これは一見矛盾した現象だが、実は人間のコミュニケーションや行動の本質を捉えていると言えるだろう。平田オリザ氏の提唱する「マイクロスリップ」の概念は、この「無駄」の重要性を私たちに改めて教えてくれる。
「マイクロスリップ」とは、意識的な動作の中に無意識に混入する、一見無駄に見える小さな動作のことである。
例えば、コップを取ろうとする際に一度手がその手前で止まったり、話している最中に意味のない仕草をしたりといった行動が挙げられる。優れた俳優は、このマイクロスリップを巧みに操り、役柄に深みとリアリティを与えているのだという。
しかし、練習を重ねるにつれて、これらの無駄な動きは洗練され、削ぎ落とされていく傾向がある。初期衝動の瑞々しさや人間らしさが失われ、機械的な正確さが前面に出てしまうというジレンマに、俳優たちはしばしば直面する。新人が時にとてつもなく良い演技をする理由がここにあるのかもしれない。
ロボット工学の分野でも、このマイクロスリップの重要性に着目した研究が進められているという。人間らしいロボットを開発するためには、単に効率的な動作をプログラムするだけでは不十分であり、適度な「ノイズ」を挿入する必要があることが分かってきた。
私たちがスマートフォンを操作する際を想像してみよう。画面に触れる直前、指先は一瞬の間を置く。その僅かな「まごつき」が、むしろ自然な動きを生み出している。
診察室では、話し始めようとして、一度深く息を吐く患者の姿がある。言葉にならない感情が、その「間」に込められているのを感じる。澱みなく話し続ける患者には違和感を覚えるに違いない。
しかし、この「ノイズ」の量やタイミングを適切に制御することは容易ではないだろう。平均値に基づいた統計的なアプローチでは、個性を生み出す「無駄」は均質化され、埋もれてしまう。未だオプティマスやFigureのようなヒューマノイドが達成できていないところをみるとその難易度の高さが伺える。
この「無駄」の価値は、教育の場においても改めて評価しても良いではないか。従来の教育は、効率性や合理性を重視し、無駄を排除することに重点を置いてきたように思う。しかし、人生における真の学びは、必ずしも予定調和的に得られるとは限らない。寄り道や失敗、一見無意味な経験の中にこそ、予期せぬ発見や成長の種が隠れている。教育においても、ある程度の「ランダムさ」や「ノイズ」を取り入れることで、子どもたちの創造性や主体性を育むことができないだろうか。
具体的な例として、図画工作の授業を考えてみる。
教師が手順や完成形を細かく指示するのではなく、様々な素材を用意し、子どもたちが自由に発想し、試行錯誤しながら作品を作る。この過程で、子どもたちは予期せぬ発見をしたり、失敗から学んだり、新たなアイデアを閃いたりするだろう。これらは、指示通りに作業を進めるだけでは得られない貴重な経験であり、創造的な思考力を養う上で重要な役割を果たす。
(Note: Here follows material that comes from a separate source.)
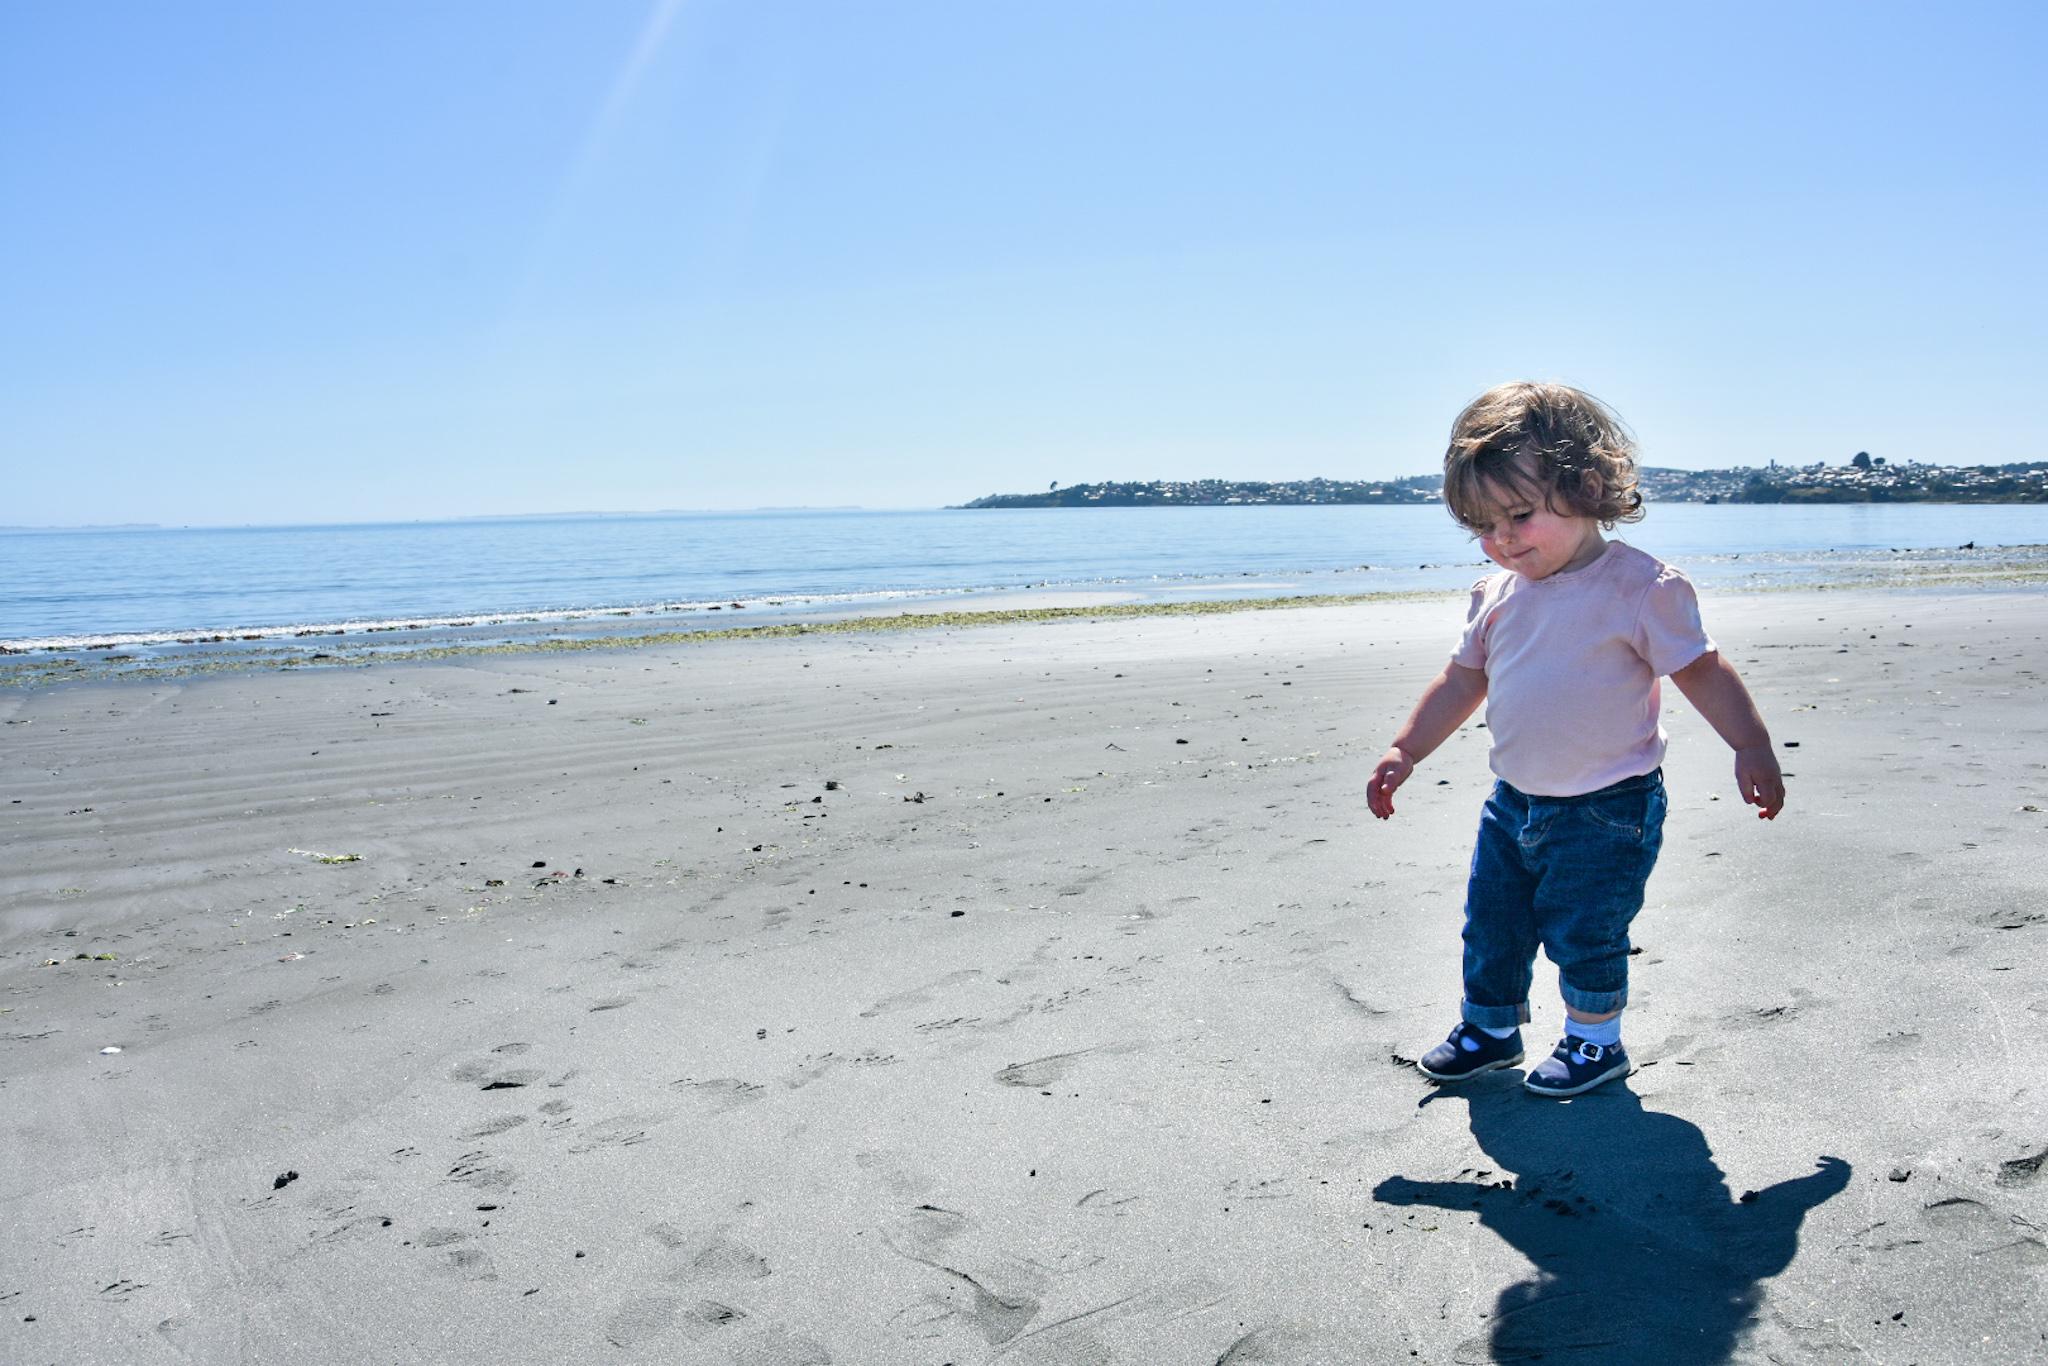 Chiloe beach

人生は完璧に計画された脚本通りには進まないものだ。予期せぬ出来事やハプニングに見舞われることもしばしばあるだろう。しかし、それらの「無駄」な経験、人生におけるノイズを受け入れ、そこから学びを深めることで、私たちはより人間らしく、豊かな人生を歩むことができるのではないだろうか。
「コスパ」「タイパ」思考とは正反対の、マイクロスリップ、ノイズ、ランダムさ… これらの「無駄」は、実は私たち人間を人間たらしめる、かけがえのない要素なのかもしれない。